*** MATERIAL FOR THE TASK ***

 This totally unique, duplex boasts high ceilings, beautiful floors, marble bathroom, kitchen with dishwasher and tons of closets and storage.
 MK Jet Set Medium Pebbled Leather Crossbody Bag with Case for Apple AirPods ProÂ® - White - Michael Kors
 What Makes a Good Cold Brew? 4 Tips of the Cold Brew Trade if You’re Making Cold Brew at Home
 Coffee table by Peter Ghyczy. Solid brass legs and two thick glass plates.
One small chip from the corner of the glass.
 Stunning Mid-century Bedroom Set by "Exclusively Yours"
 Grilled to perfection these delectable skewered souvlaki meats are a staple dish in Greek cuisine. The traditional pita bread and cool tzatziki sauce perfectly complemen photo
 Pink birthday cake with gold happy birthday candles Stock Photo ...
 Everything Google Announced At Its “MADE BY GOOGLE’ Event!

*** End of MATERIAL FOR THE TASK ***

TASK REQUIREMENTS: For each line in the data that holds "with", add one to a count, then report that count alone.

EXERCISE RESULT: 3